Maureen Stone, Julie M. Langguth, Jonghye Woo, Hegang Chen, Jerry L. Prince

Research output: Contribution to journalArticlepeer-review

10 Scopus citations


Purpose: In this study, the authors examined changes in tongue motion caused by glossectomy surgery. A speech task that involved subtle changes in tongue-tip positioning (the motion from /i/ to /s/) was measured. The hypothesis was that patients would have limited motion on the tumor (resected) side and would compensate with greater motion on the nontumor side in order to elevate the tongue tip and blade for /s/. Method: Velocity fields were extracted from tagged magnetic resonance images in the left, middle, and right tongue of 3 patients and 10 controls. Principal components (PCs) analysis quantified motion differences and distinguished between the subject groups.
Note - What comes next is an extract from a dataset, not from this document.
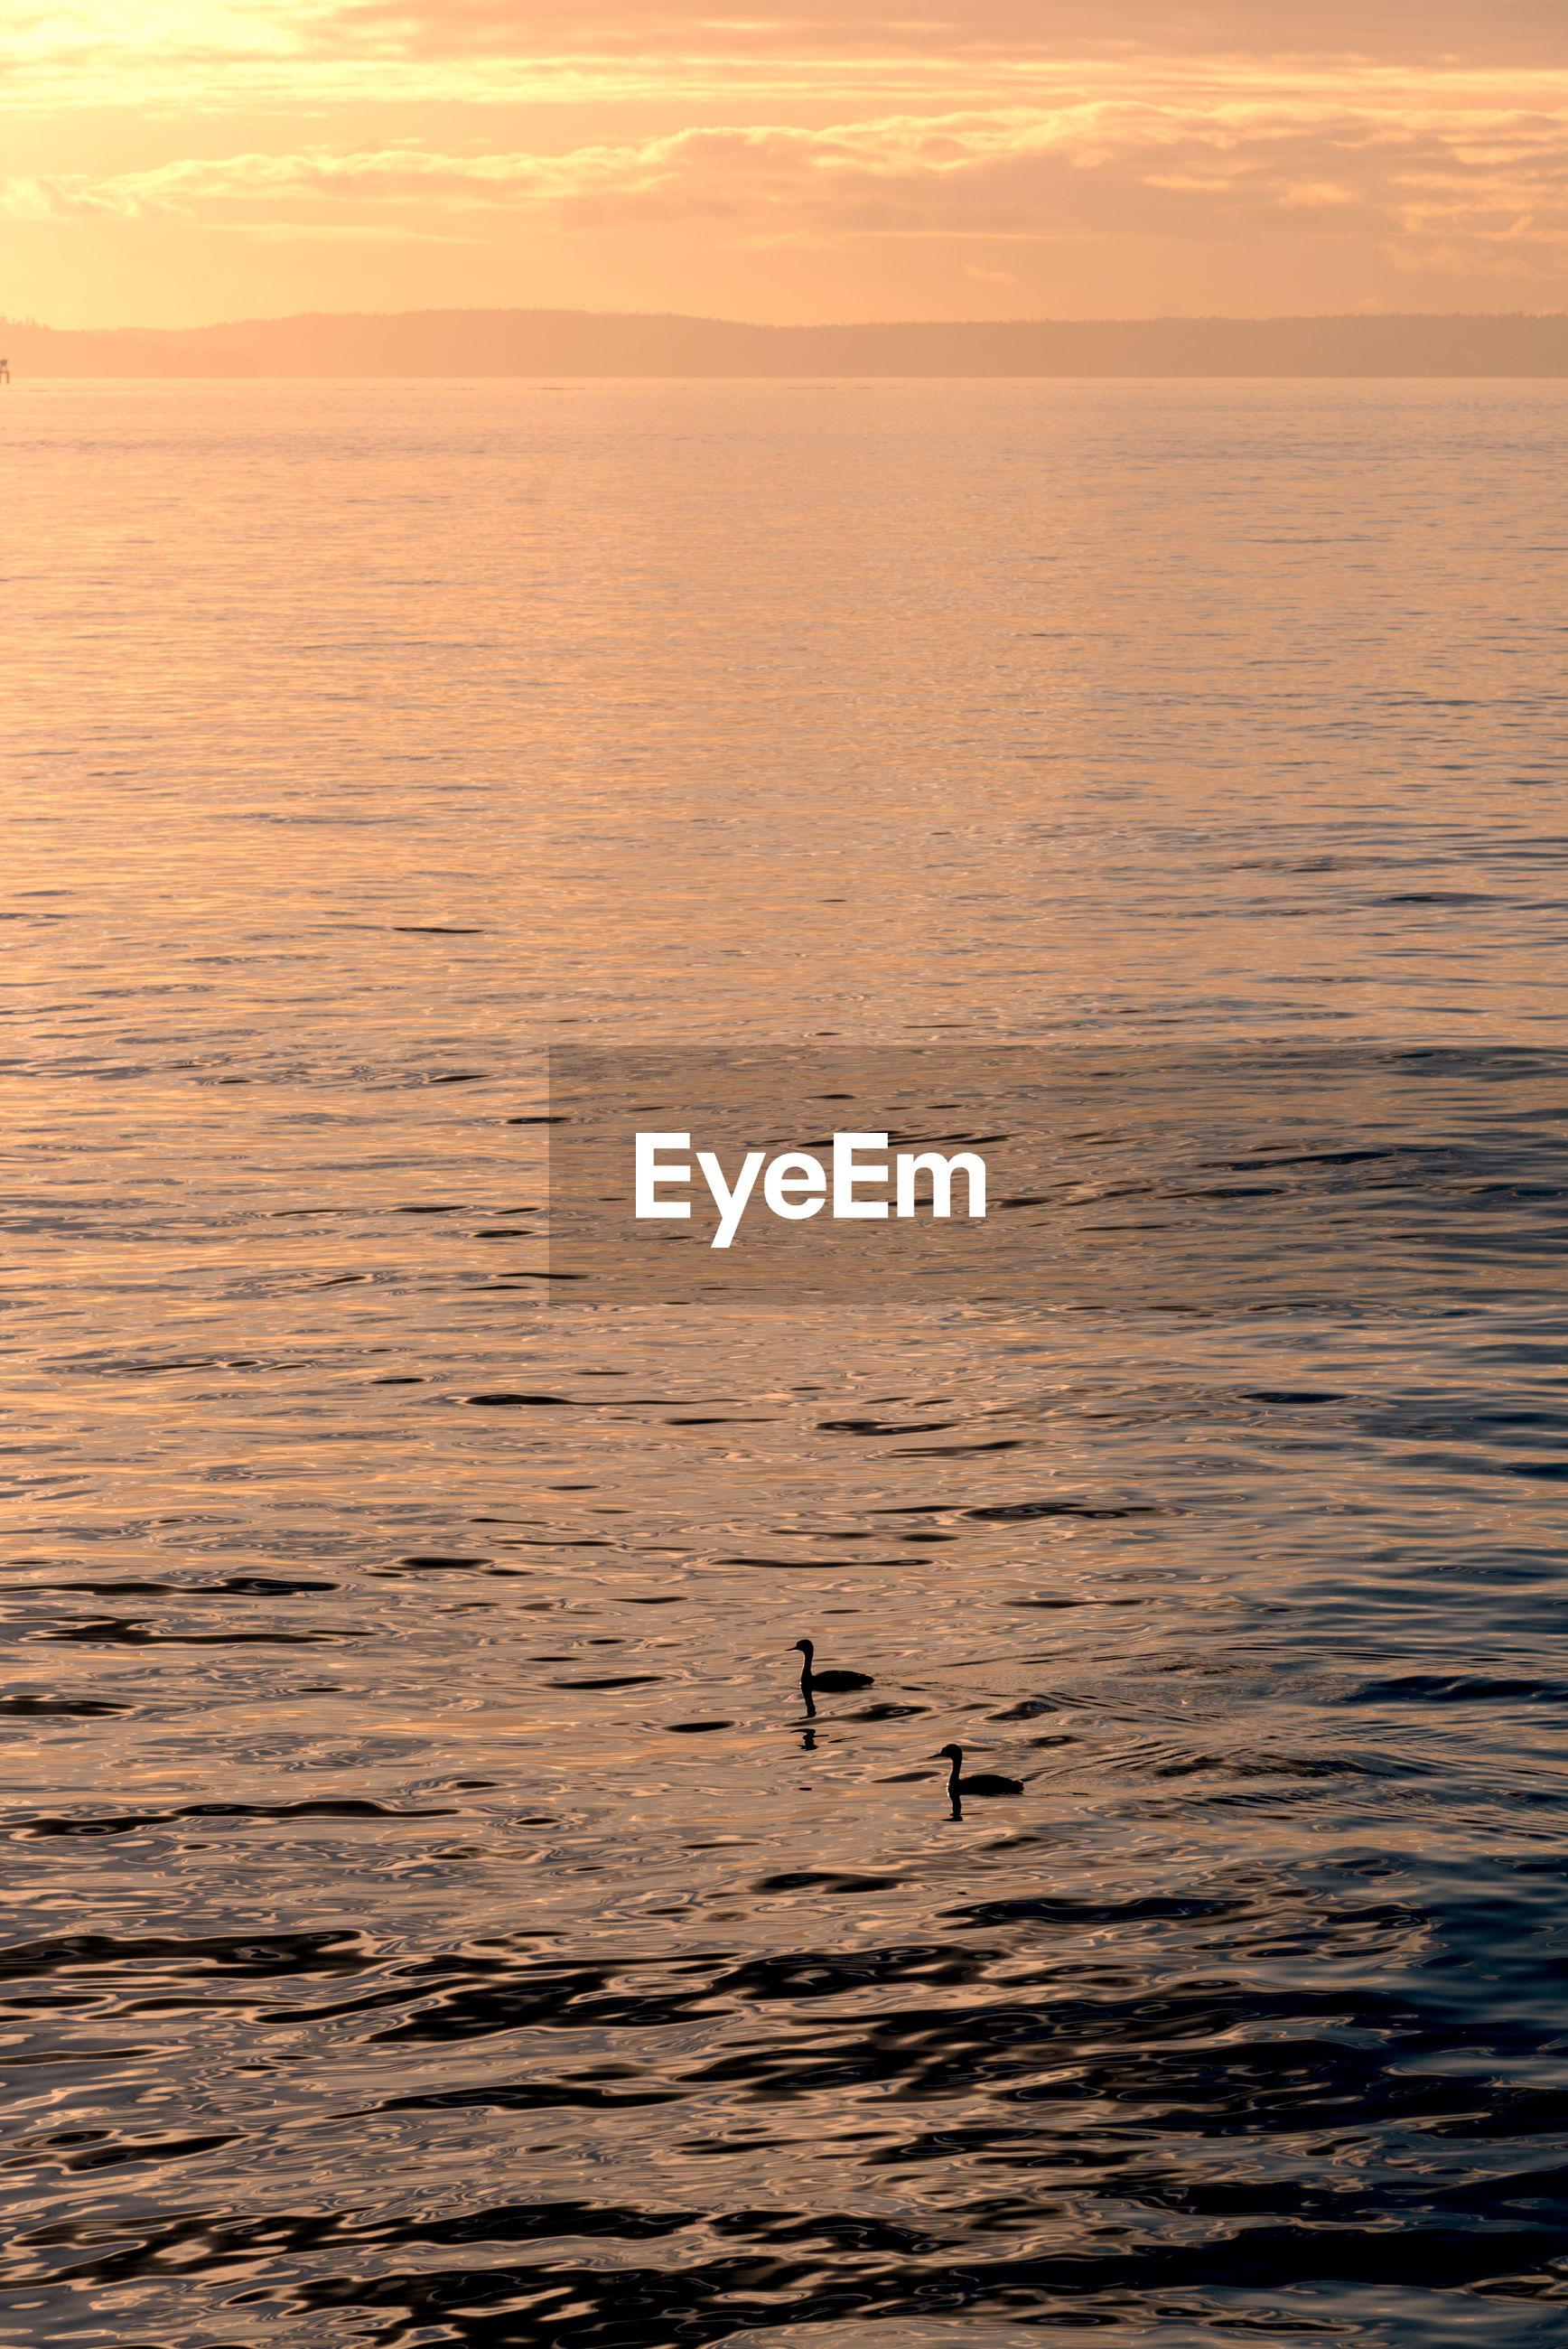 Water birds at sunset on elliott bay.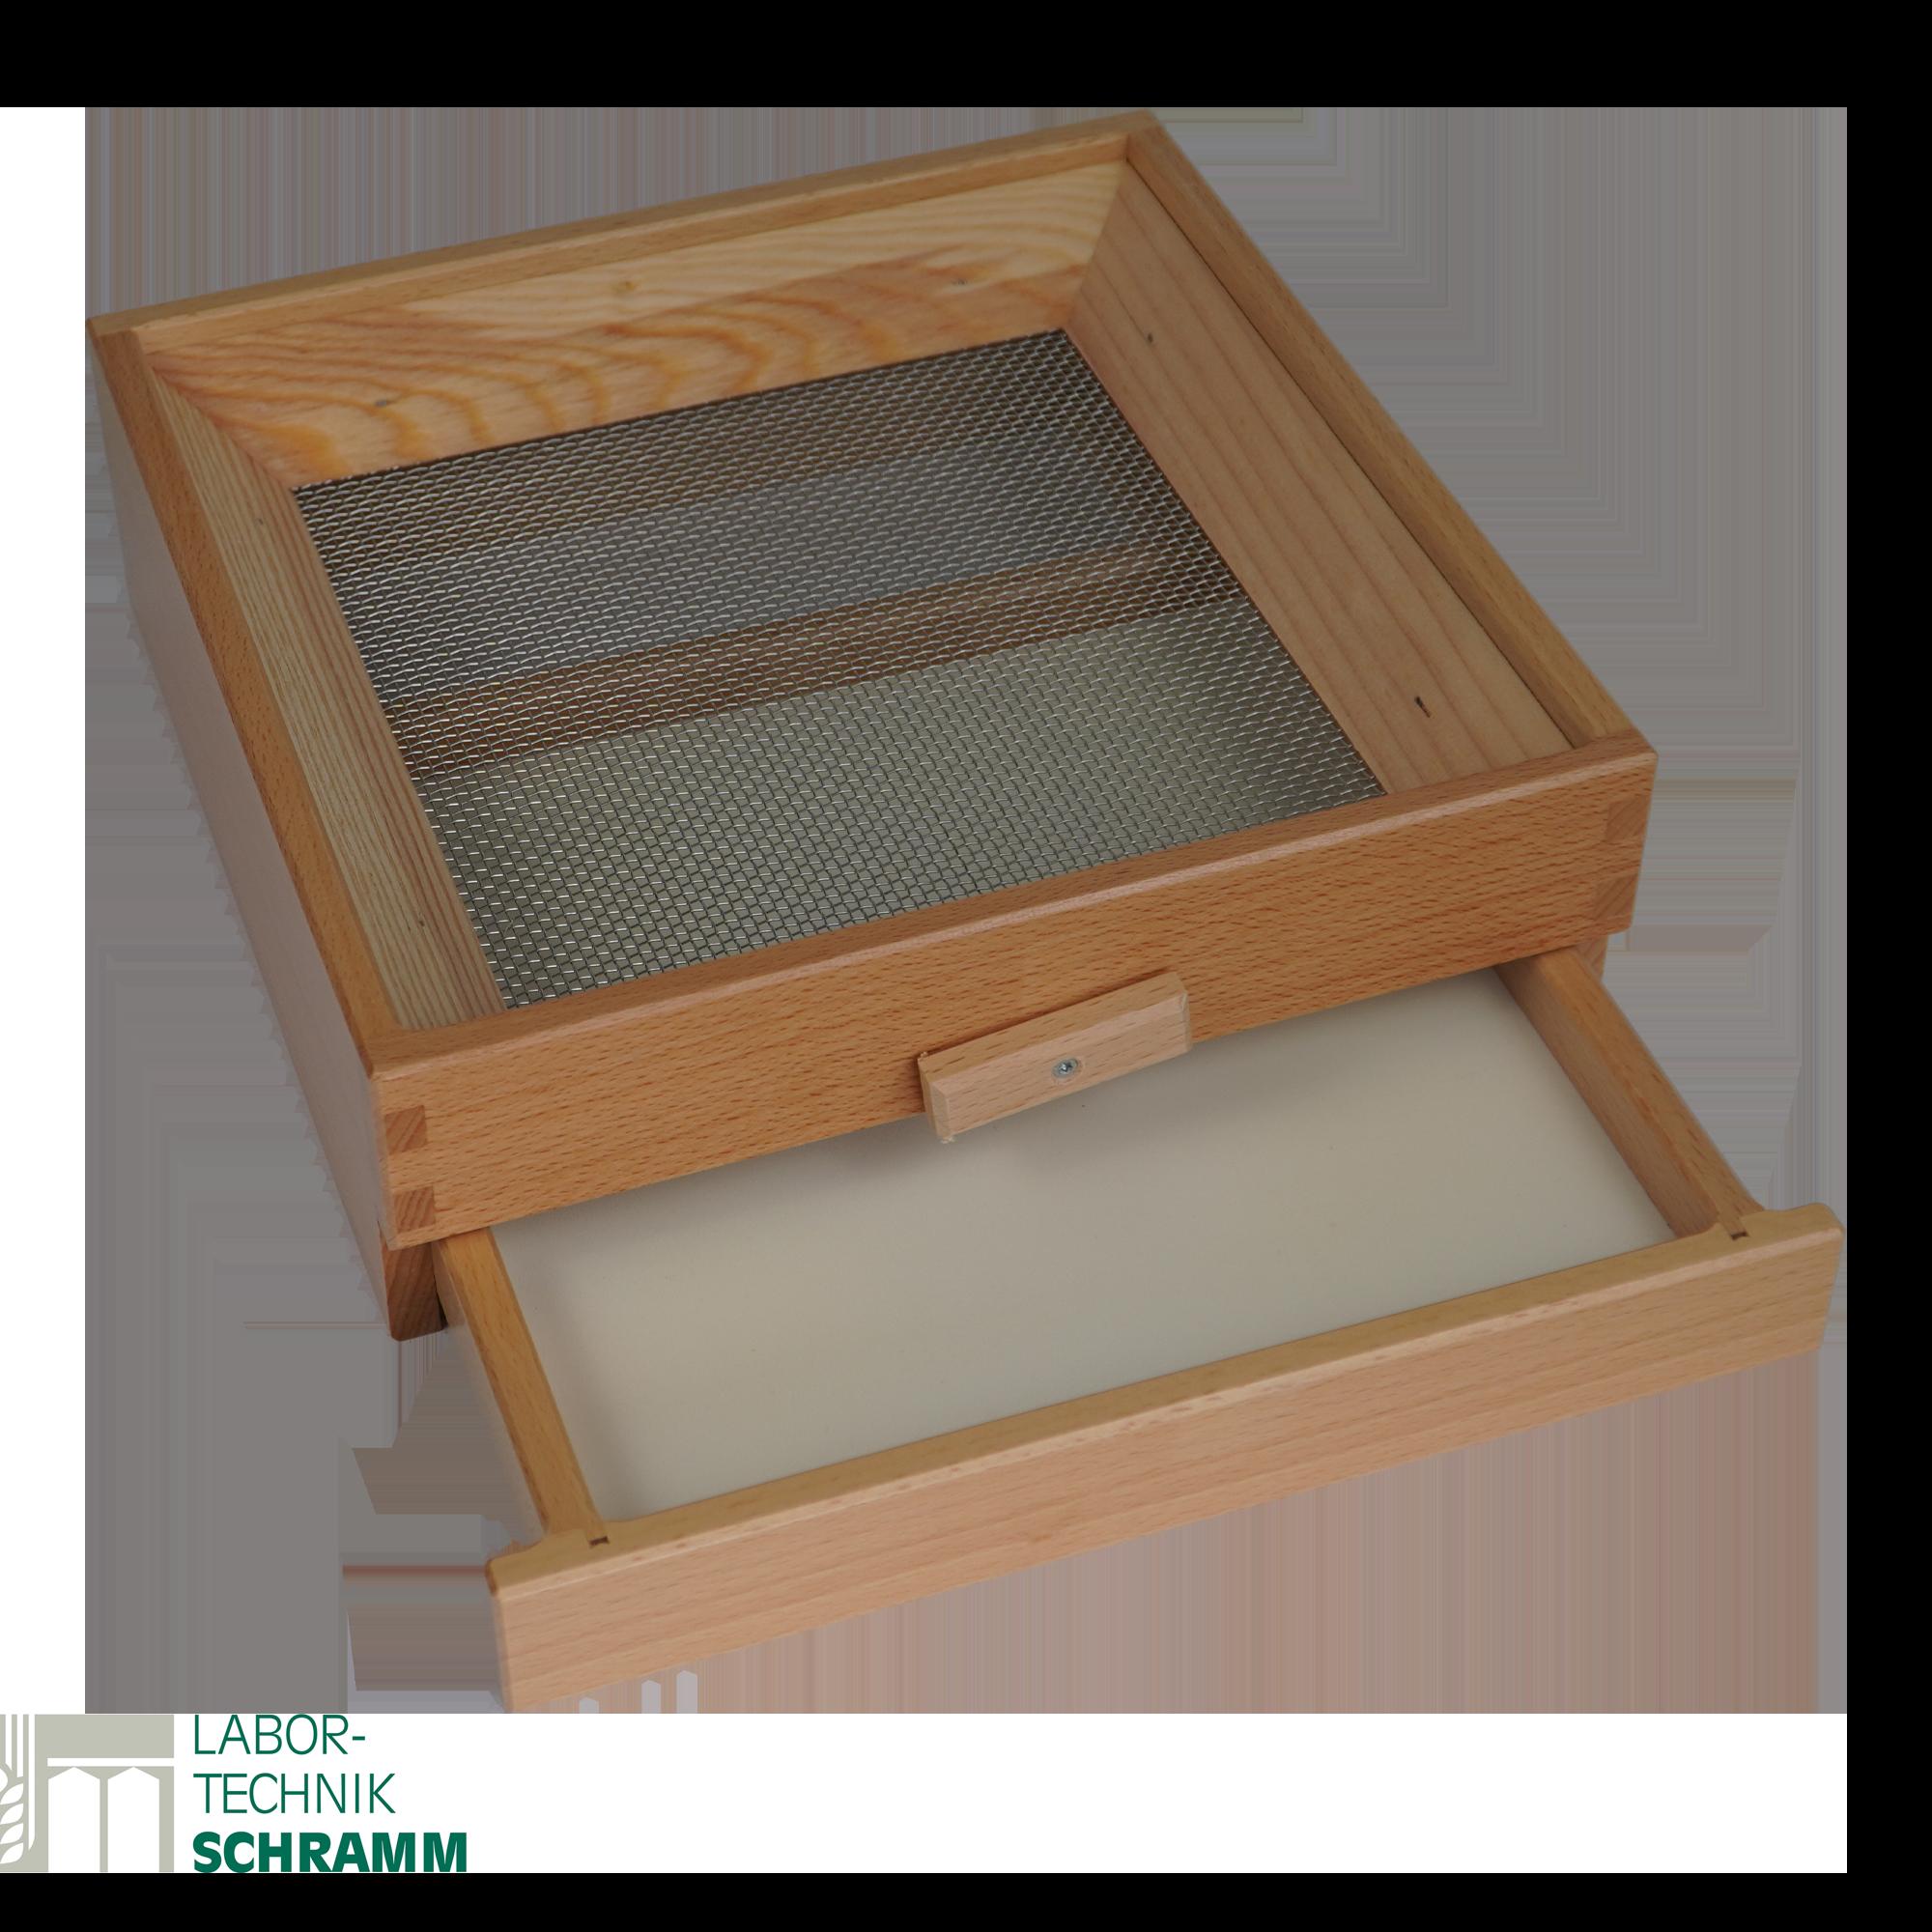 Käfersieb mit herausnehmbarer Schublade 40 x 40 cm

Results: PCs 1 and 2 represented variance in (a) size and independence of the tongue tip, and (b) direction of motion of the tip, body, or both. Patients and controls were correctly separated by a small number of PCs. Conclusions: Motion of the tumor slice was different between patients and controls, but the nontumor side of the patients' tongues did not show excessive or adaptive motion. Both groups contained apical and laminal /s/ users, and 1 patient created apical /s/ in a highly unusual manner.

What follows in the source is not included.